• [WHAT THIS TASK INVOLVES]: Nothing in the listing should be altered when it is copied, and no picture goes into the copy.

• [PROVIDED DATA]:
--------------------------------

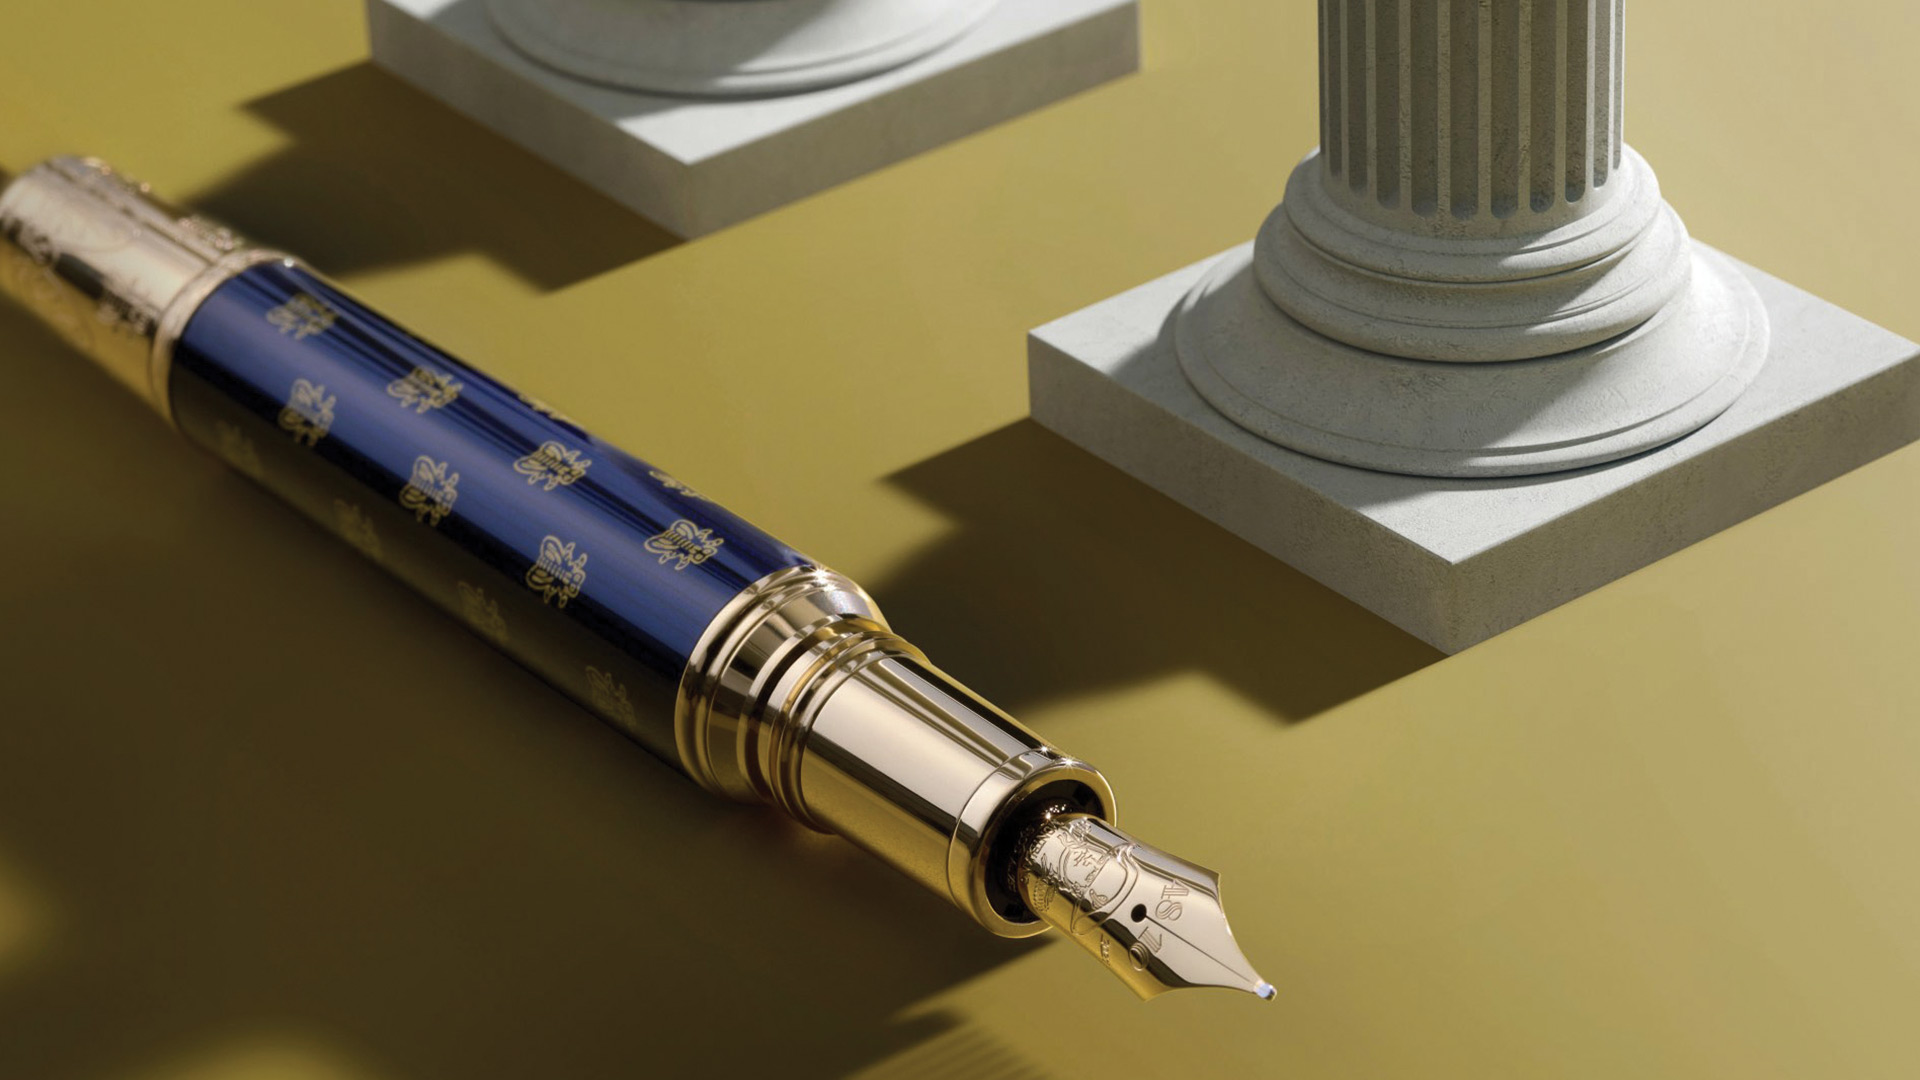 Find Out Why This Montblanc Pen Is Worth NZ$300,000
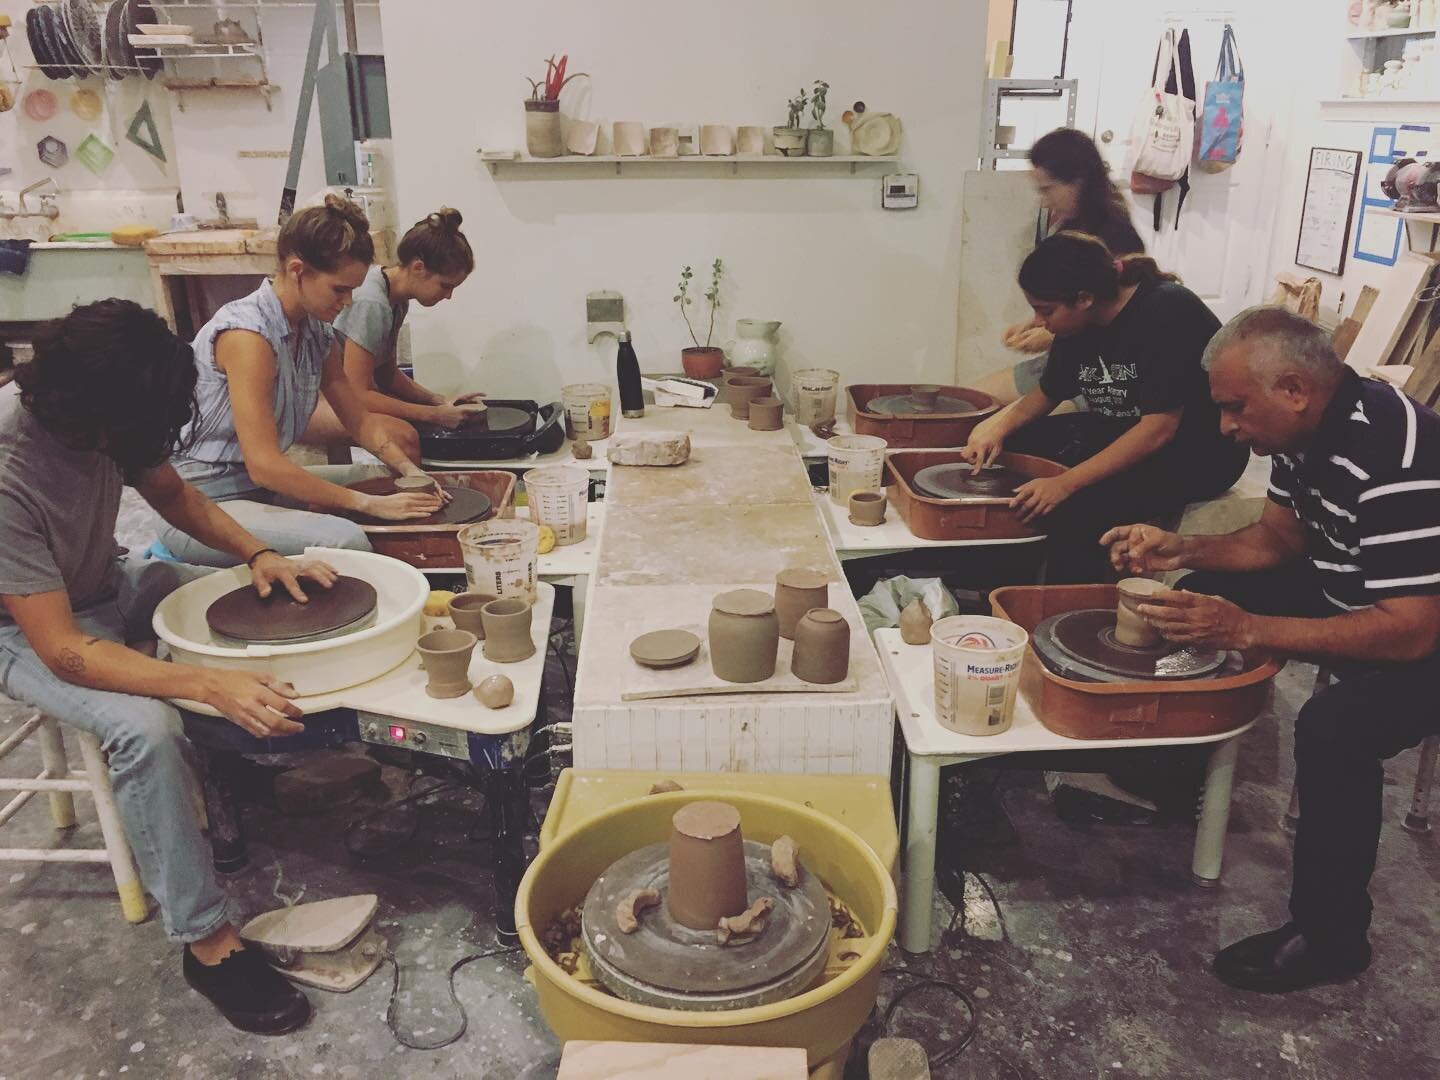 In our old space we could only host 3 classes per week since the studio was one big room shared by members and classes and we didn&rsquo;t want to limit member access too much. They sold out like 🫰 that, which was great for filling up registration b
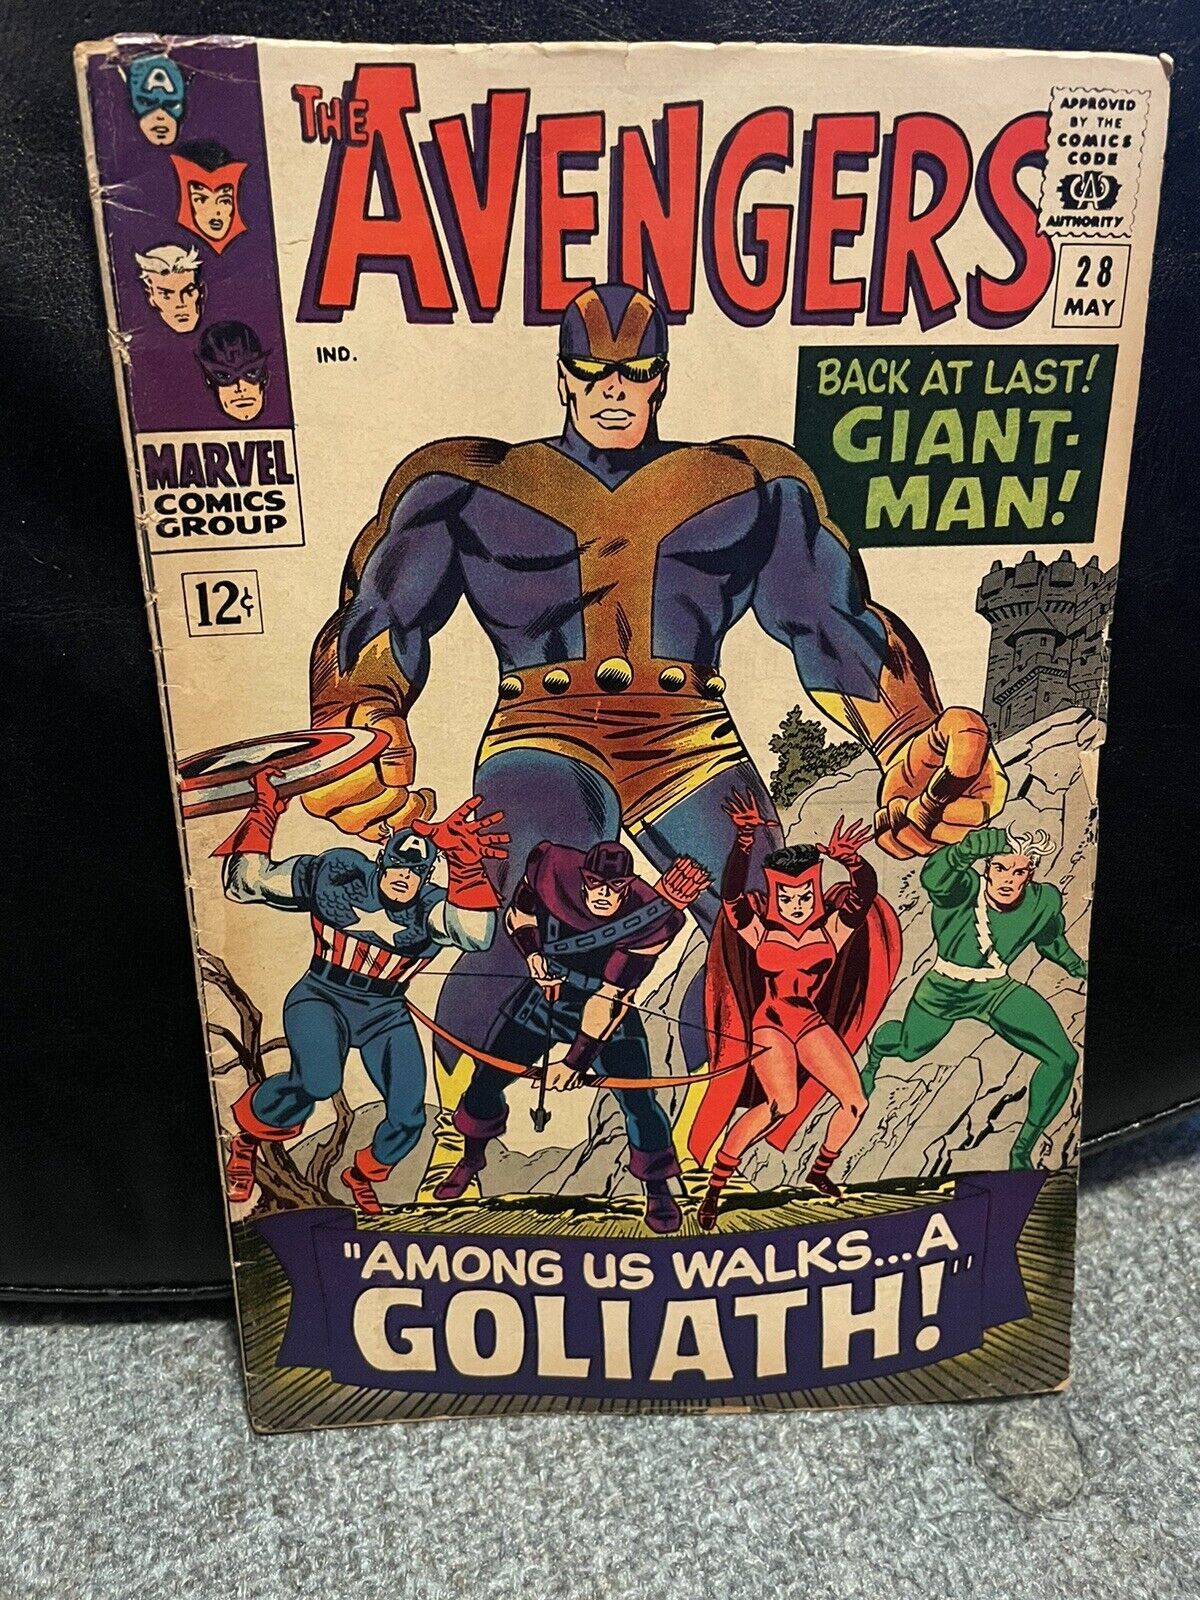 Avengers#28 1966 Giant Man Becomes Goliath.  Marvel Comics Fine condition
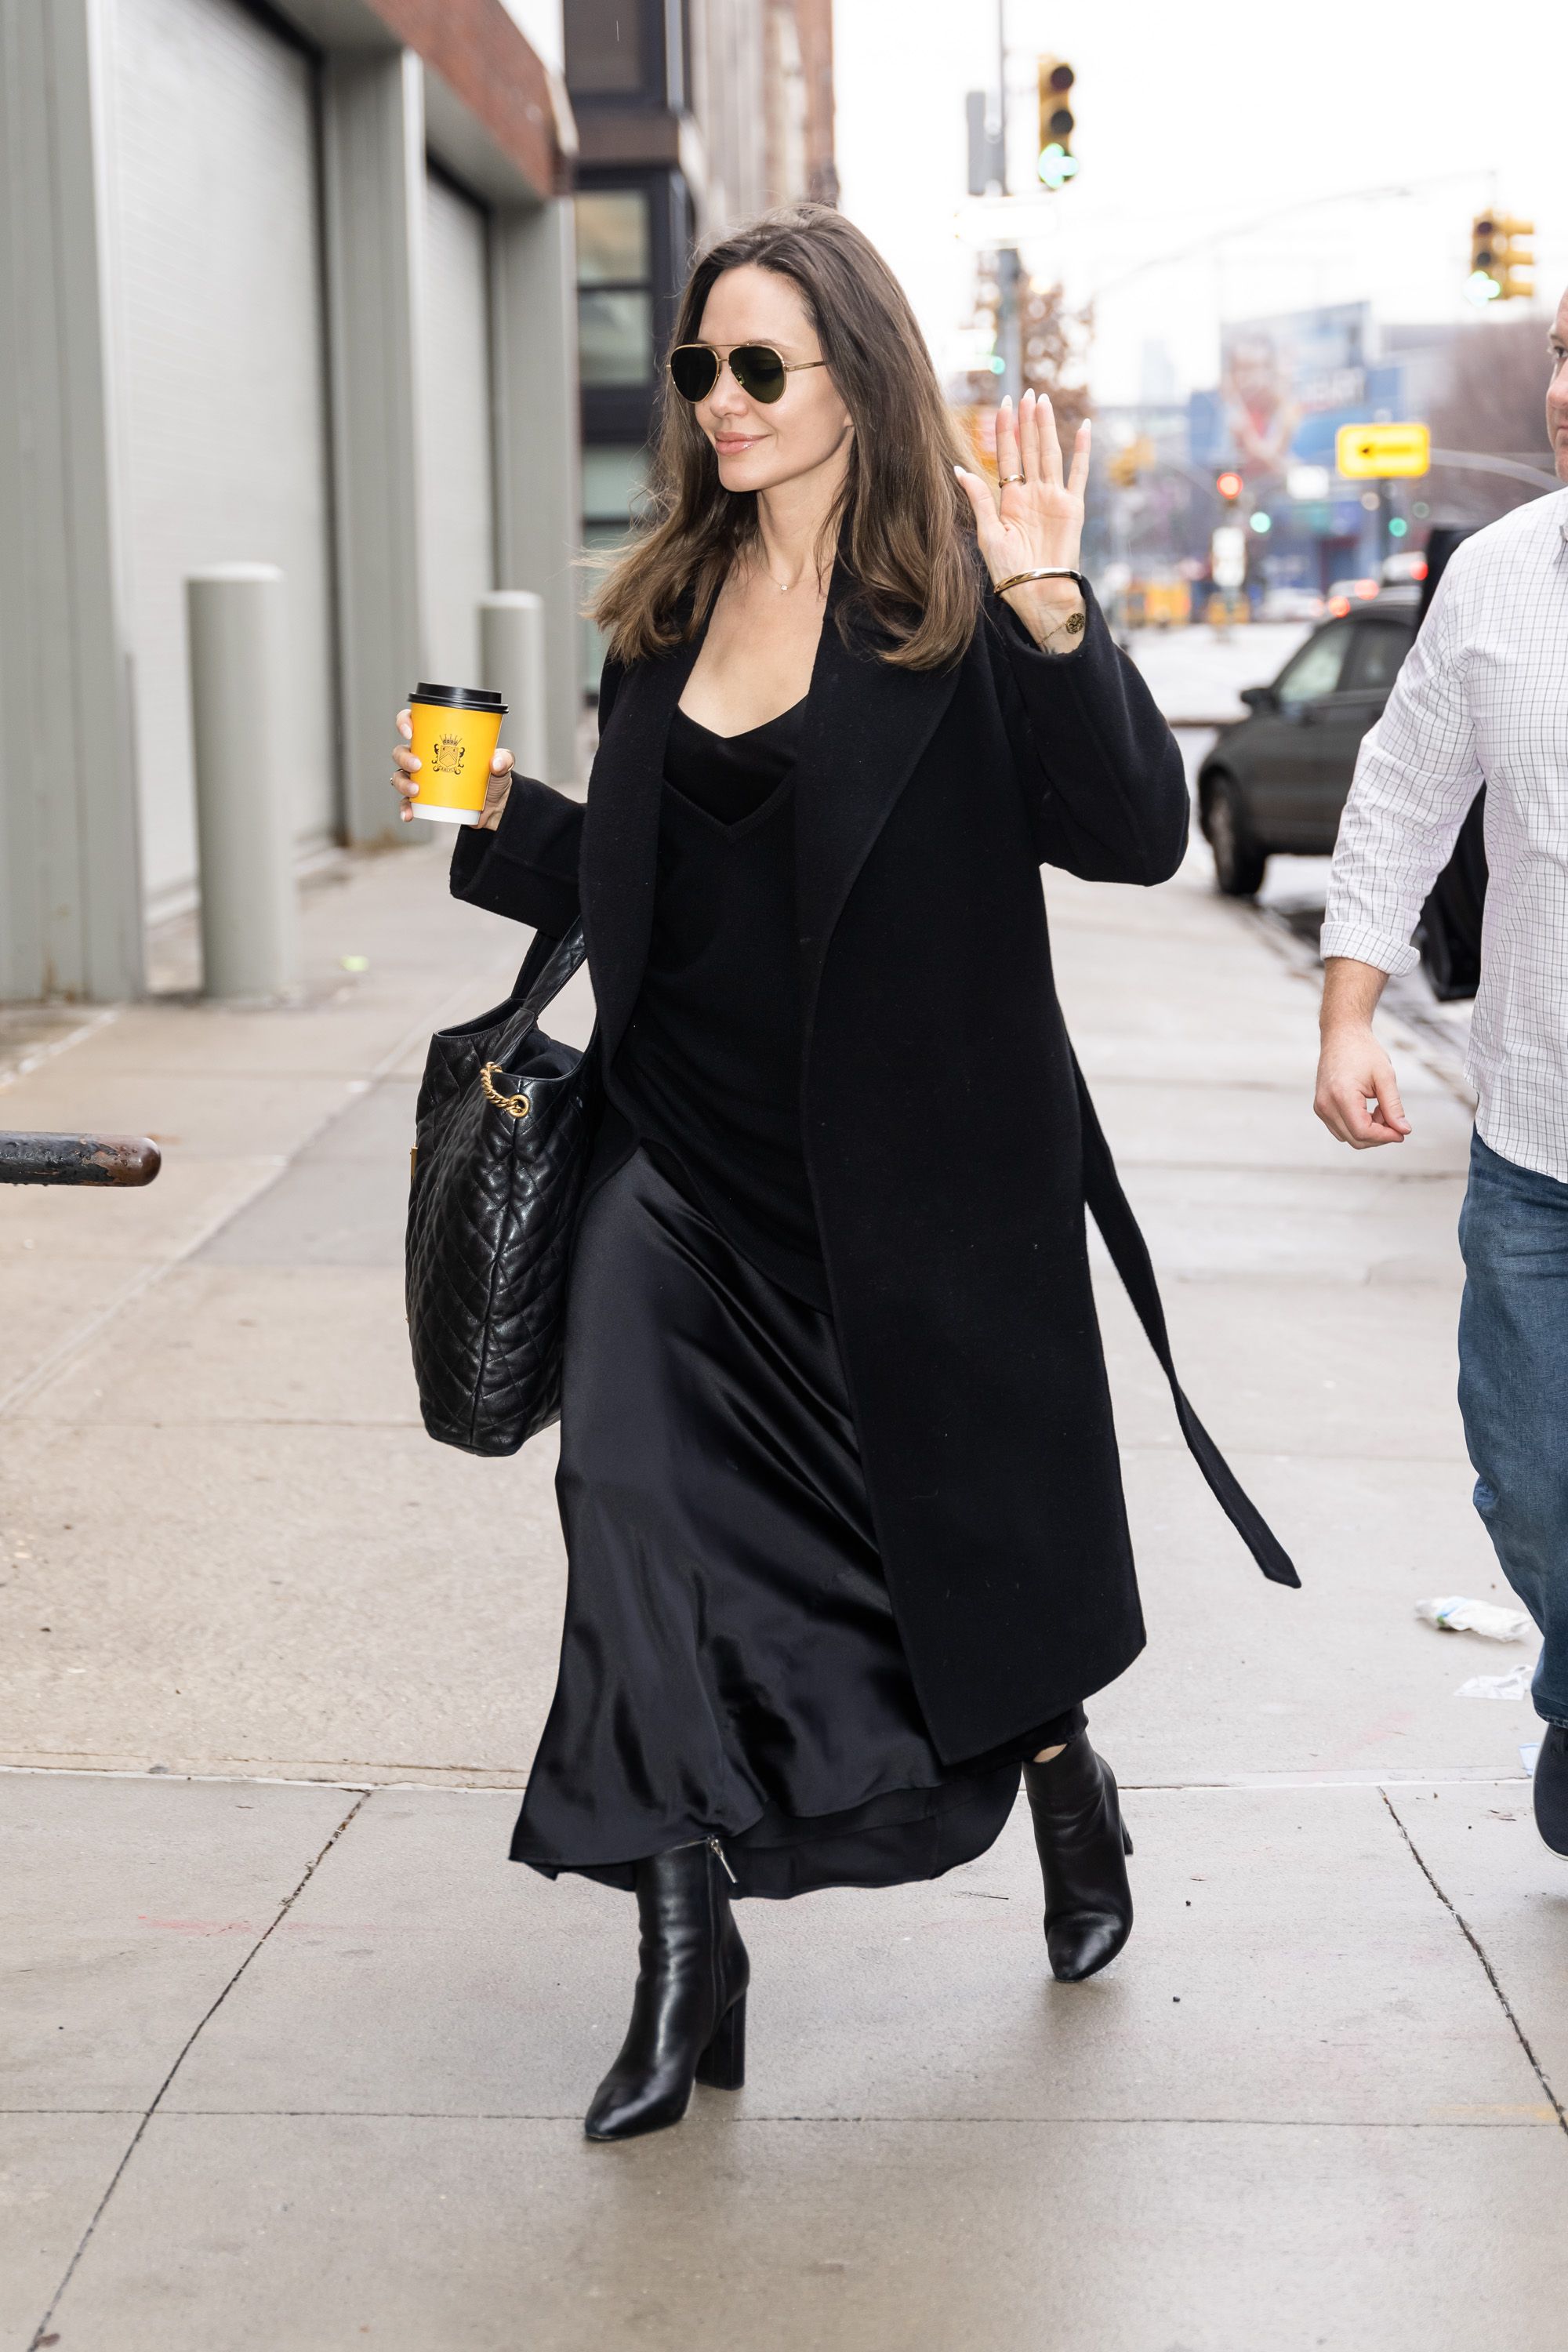 Angelina Jolie's Celine Bag Is Filled With The Most Unfussy Items

--------------------------------

• [RESPONSE TO THE EXERCISE]:
 Find Out Why This Montblanc Pen Is Worth NZ$300,000
 In our old space we could only host 3 classes per week since the studio was one big room shared by members and classes and we didn&rsquo;t want to limit member access too much. They sold out like 🫰 that, which was great for filling up registration b
 Avengers#28 1966 Giant Man Becomes Goliath.  Marvel Comics Fine condition
 Angelina Jolie's Celine Bag Is Filled With The Most Unfussy Items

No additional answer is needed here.